I'm dedicating this clip to BosGuy and his partner Sergio who are wrapping up what by all accounts appears to be an absolutely fabulous vacation in Brazil. Call it a hunch, but I get the feeling BosGuy also relates to this...

Tuesday, December 3, 2013

Pie In The Sky

Since JB and I hosted my family last Thanksgiving, it was only fair that this year we spend the holiday with his family. So Wednesday morning we left the house with bags packed and one of JB's home-made pecan pies in hand.
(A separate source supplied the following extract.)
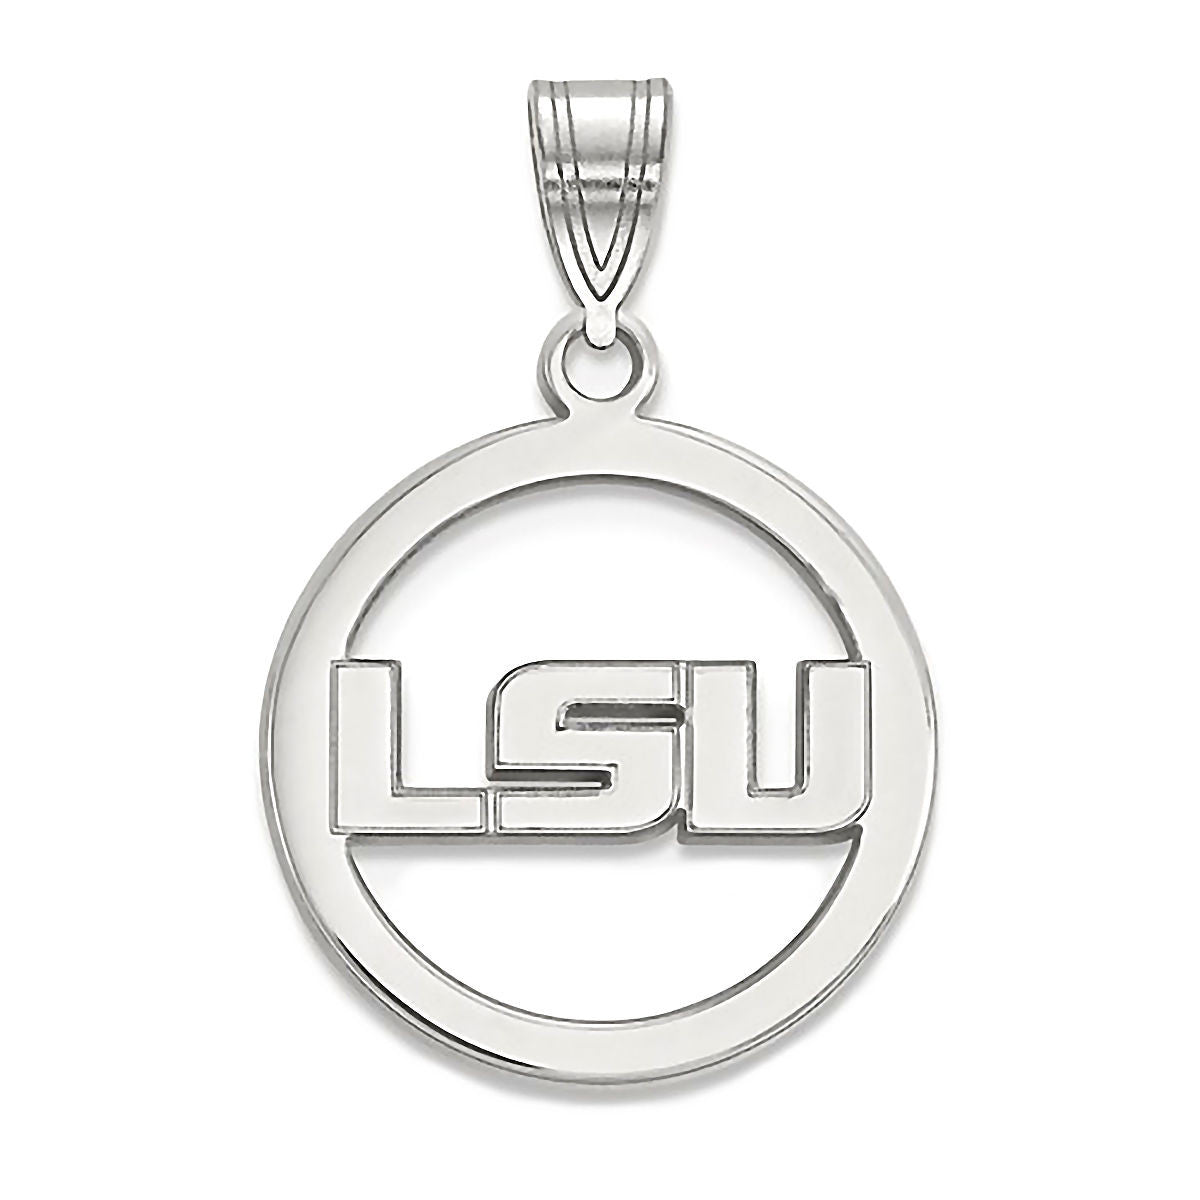 Louisiana state charm necklace

We walked four blocks to the nearest Marta station and took the train to the airport.

Exiting the security screening area juggling my duffel bag, coat, shoes, belt, laptop, ziplock baggie of liquids and a fucking pie; I made a comment under my breath that his family better appreciate said fucking pie.

"What did you say?"

Oops. The only time JB's artificial hip ever slows him down is when TSA agents wand his groin for ten minutes, so I was not expecting him to be right behind me. Then again, I wasn't expecting to be carrying an aluminum wrapped container with the same approximate density as plastic explosives through airport security on the busiest travel day of the year.

"Your family is going to love your wonderful pie!" I answered.

"It's not for them," JB said in a tone that indicated he wasn't fooled by my feeble attempt to cover my ass. I shut up and concentrated on literally keeping my pants up with my arms loaded until I could find a spot to put myself back together.

It turns out the pie was for the flight attendants working our flight to Houston. I was impressed by JB's thoughtful gesture toward his colleagues. Until I realized the real method to his madness when the free drinks started coming and didn't stop.

I wasn't really planning to get tipsy at 10:30am, but the relief of getting a seat on the plane, the prospect of spending four days with in-laws and the baby in the row behind me screamed me into it.

That explains why our tray table always ends up looking
like Edina's and Patsy's every time we fly.